Turkish

Questions File

The questions files for Turkish live here:

/proj/tts/data/turkish/babel/data/questions To be compatible with HTS, we had to rename some of the phones (e.g. '2') to spelled out versions (e.g. 'two'), since HTS expects alphabetic-only phoneme names. Not sure whether this is also required for Merlin.

Babel Conversational Data

Alan's frontend scripts worked as-is on this data, probably because they were developed and tested for this data.
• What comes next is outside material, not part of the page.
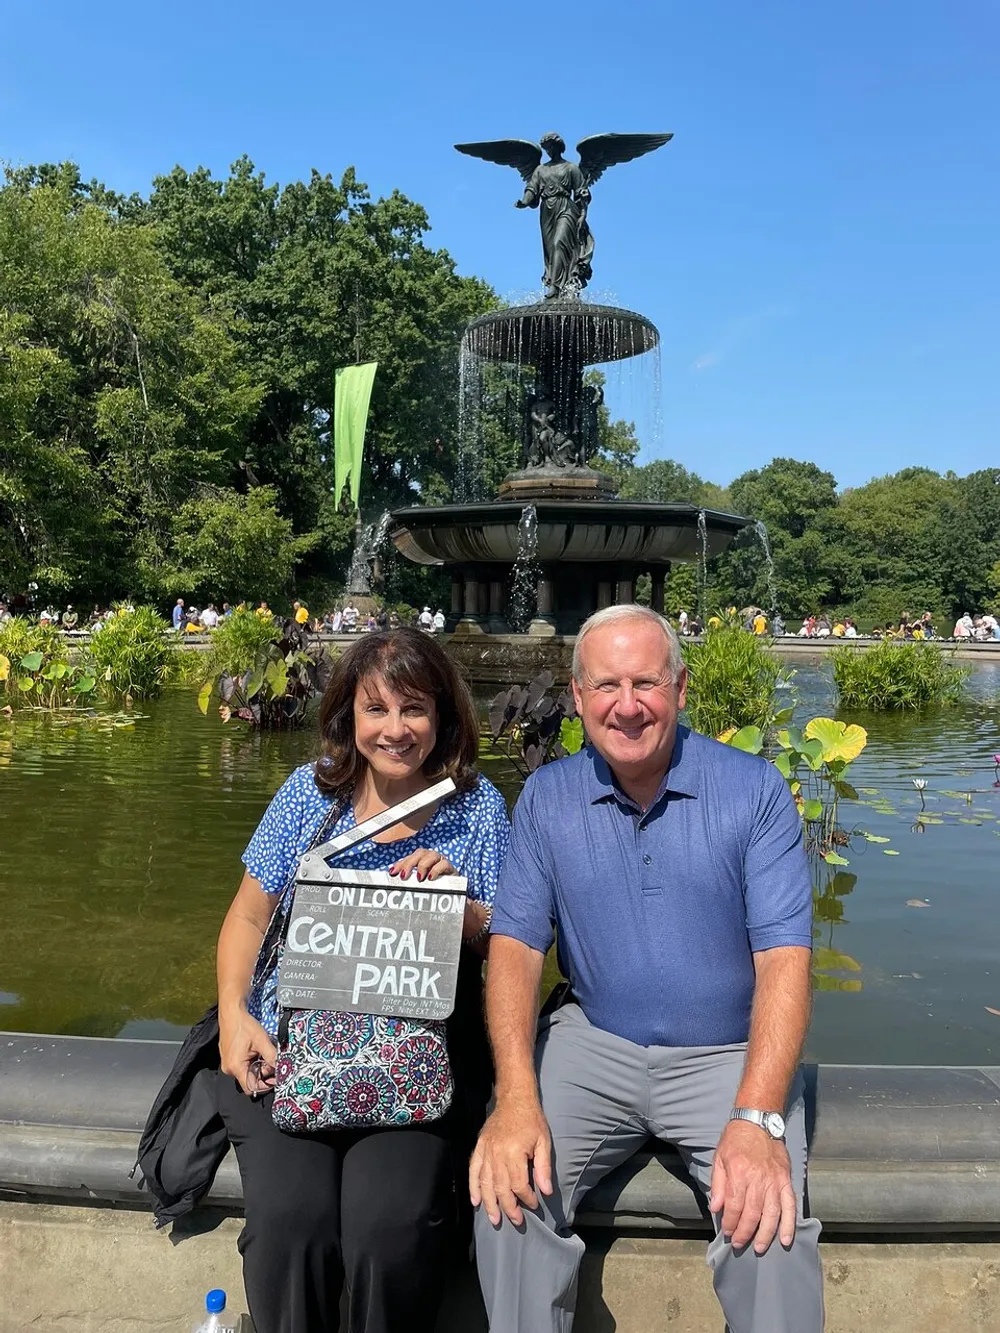 A smiling man and woman pose in front of the Bethesda Fountain in Central Park with the woman holding a sign that reads On Location Central Park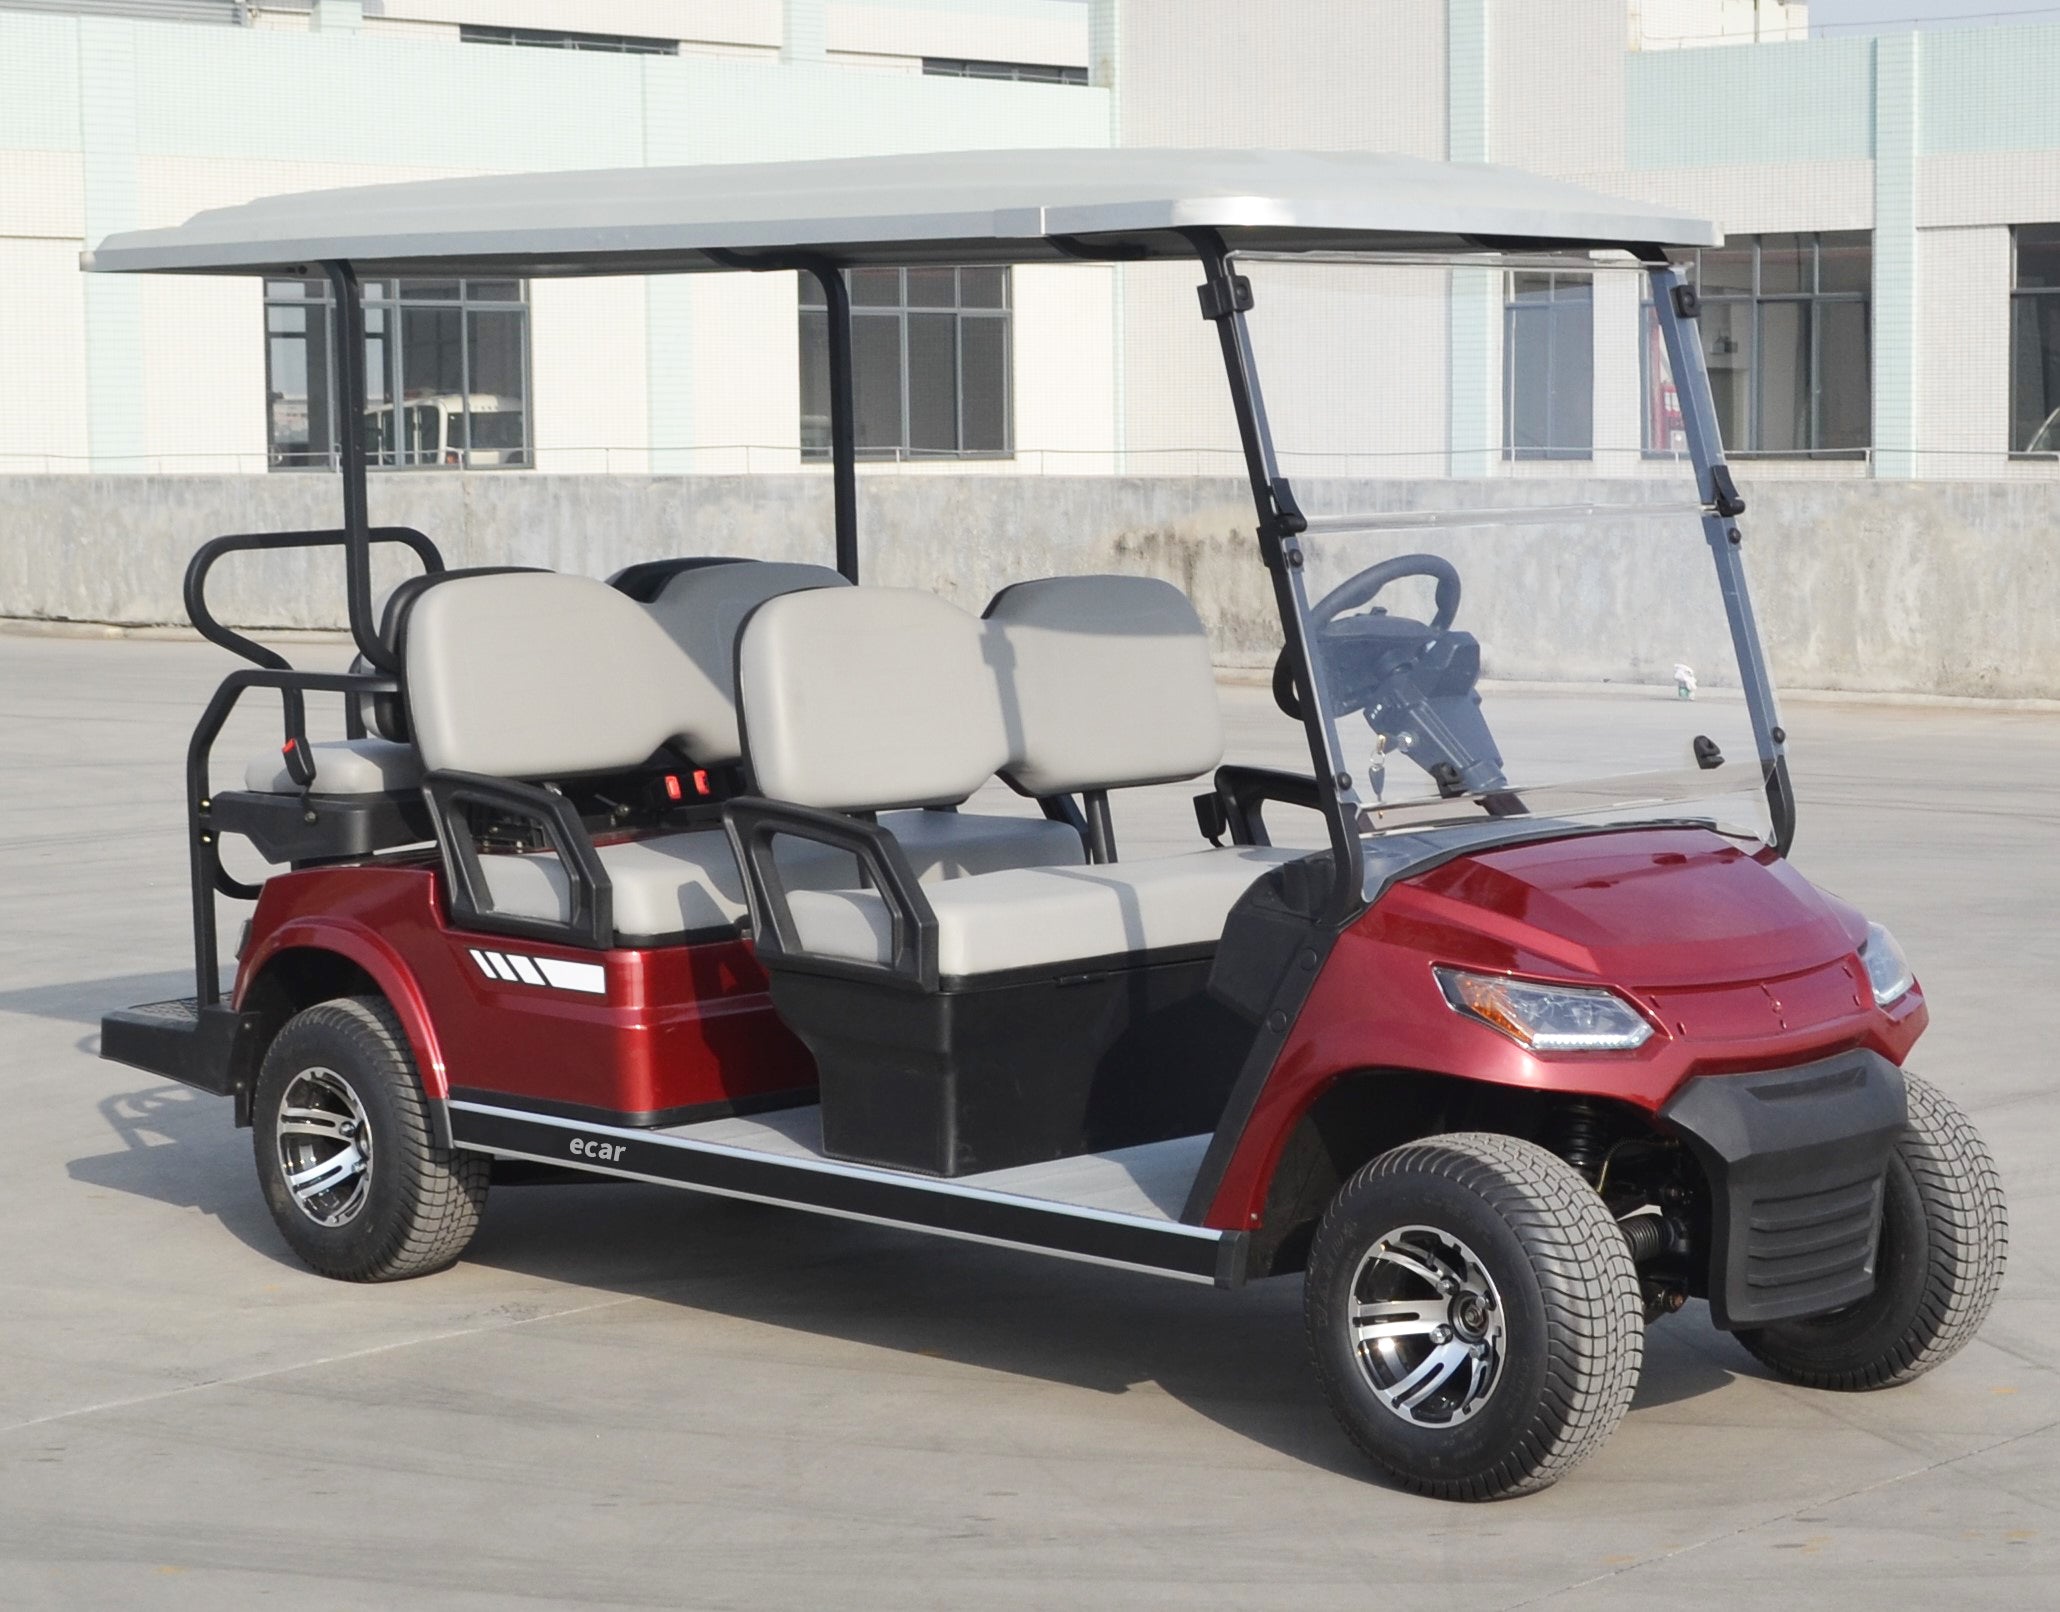 ECAR LT-A827.4+2 - 6 Seaters Golf Cart with Rear Seats

Mert did a lot of debugging and data cleanup to get a Merlin baseline using the Babel conversational data. A modification to the Merlin code was required, to force it to output a model even when it would rather not (because the model is not so good) - see /local/users/mert/merlin/src/run_merlin.py on hecate, the commented part in line 331, for the fix - it forces Merlin to generate models regardless of validation errors.

A first baseline for Turkish Babel conversational is on hecate under
/local/users/mert/merlin/egs/build_your_own_voice/s1/experiments/turkish_new

The voice was judged to not sound so good so some cleanup of the data was done. Mert's cleaned-up list of utterance transcriptions can be found here: /proj/tts/tools/babel_scripts/turkish_merlin/etc/txt.done.data

This consists of hand-corrected transcripts, and bad / unintelligible utterances were removed. The beginnings of a voice trained on these is here, on hecate: /local/users/mert/merlin/egs/build_your_own_voice/s1/experiments/turkish2
The label files and audio have a frame mismatch, and so need to be regenerated to be able to build a voice.

I think we were using a "nonstandard" phone mapping for this data originally, so make sure to check the label files to make sure they are using ok phone names (i.e., matches other data you are using if combining). E.g., we were doing "oneone" instead of "oneCL".

Babel Scripted Data

Frontend processing in progress. EHMM would not align this data so currently looking into other aligners.

Radio Broadcast News

Cindy prepared the data for use in voice training and created a lexicon with OOVs added; that lexicon is here: /proj/tts/data/turkish/bn/txt_files/new_babel_lex_phonemapped.out

Kai-Zhan created a Merlin baseline voice using this data; that voice is here:
/proj/tts/habanero_archive/kl2792/tarballs/turkish_news.tgz

Erica has created a cleaned-up set of female utterances since the data contains a lot of background music and lower-quality audio. That 4.5 hour set is defined here:
/proj/tts/data/turkish/bn/4.5hr_cleaned_f.scp

We also had to do the following phone mapping:

# -> wb
1 -> one
1: -> oneCL
2 -> two
2: -> twoCL
5 -> five
a: -> aCL
e: -> eCL
i: -> iCL
o: -> oCL
u: -> uCL
y: -> yCL

A baseline voice trained on this data is currently in progress.